Geostatistical approach for interpolating soil heavy metals

The geostatistical approach consists of two parts: calculation of an experimental variogram and the model fitting, and estimation at unsampled locations (Burgos et al. 2006). A variogram is used to measure the spatial variability of a regionalized variable and provides the input parameters for the spatial interpolation of variogram kriging (Webster and Oliver 2001). The variogram plot is fitted with a theoretical model (spherical, exponential, linear, or Gaussian). The best fitting function can be chosen by cross-validation, which checks the compatibility between the data and the model. The goodness of fit was evaluated by the mean error (unbiasedness if its value is close to 0) and the mean squared error, which should equal the kriging variance, and the root mean square error (should be 1). The fitted model provides information about the spatial structure as well as the input parameters for kriging interpolation (Burgos et al. 2006). After selecting an appropriate variogram model, the parameters can be used with the data to predict heavy metal concentrations at unsampled locations using kriging. Kriging is the most popular generalized linear regression techniques for minimizing and estimating variance in an unsampled location (Webster and Oliver 2001). The selection of a kriging algorithm (ordinary, simple, universal kriging, etc.) model should be guided by the characteristic of the data under study (Saito and Goovaerts 2000). Geostatistical analyses were performed using the Geostatistical analyst extension available in ESRI ArcMap v 10.2

Results and discussion

Physico-chemical properties of the Bahr El Baqar soils

The pH, CEC, clay and organic matter contents (OM) are the principal soil characteristics that determine the capacity to retain heavy metal pollutants. The average of pH in Bahr El Baqar soils is about 8.00, because of the presence of calcareous parent material (Table 2). The pH of the soil solution maintained at alkaline condition showed low mobility of all heavy metals. It could be attributed to the presence of carbonates at a high concentration. The high pH value measured in soils potentially limits the risk of metal mobilization. The relatively high content of OM (1.6 %) is mainly related to the high organic matter flux to the soil due to direct discharge of domestic and industrial wastewaters. Soil organic matter is a key for sorbing phase of metals. The dissolution of humic acid at high pH is responsible for the dissolution of Cu and Pb from the soil. Organic matter is important for the retention of metals by soil solids, thus decreasing mobility and bioavailability.
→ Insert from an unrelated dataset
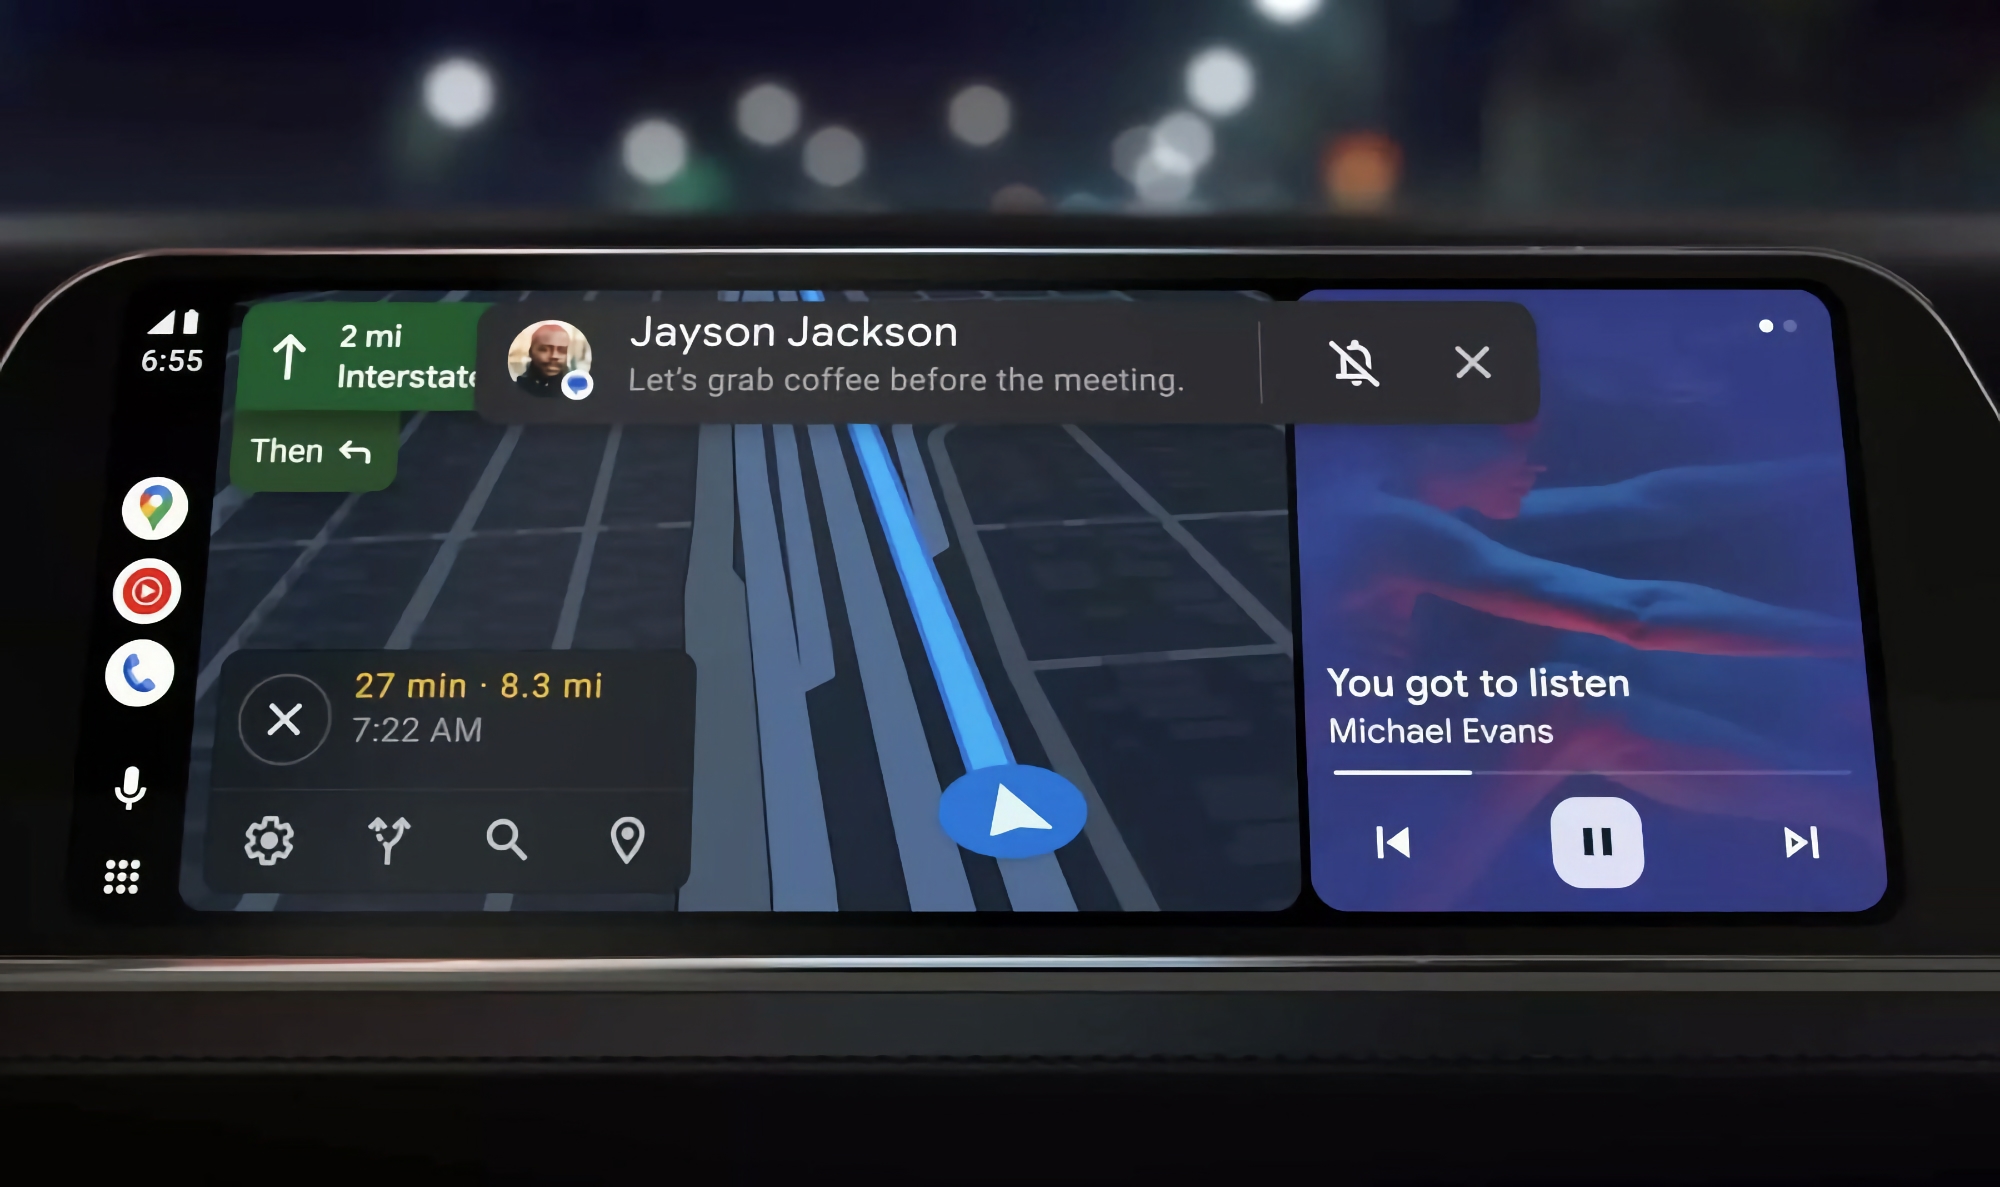 Google Assistant i Android Auto kommer att kunna sammanfatta dina meddelanden med hjälp av AI

Table 2 Summary statistics of soil physico-chemical properties of the Bahr El Baqar

The summary statistics results indicate that the mean value of soil Pb, Cu, Cr and Zn concentrations is 36.64, 65.70, 106.96, and 90.56 mg kg−1, respectively and the range between the minimum and maximum values is 27.98, 272.58, 49.14, and 175.91 mg kg−1, respectively, which is large. There are great variations and high skewness for Cu and Zn (2.27 and 0.76). The CV % values reflect the mean variation of each sampling site in the population. The order of the CV %s for each element, from high to low, was Cu > Zn > Fe > Mn > Co > Cr > Ni > Pb > Cd. This result showed that the variation of Cu and Zn in the soil was larger than other metals.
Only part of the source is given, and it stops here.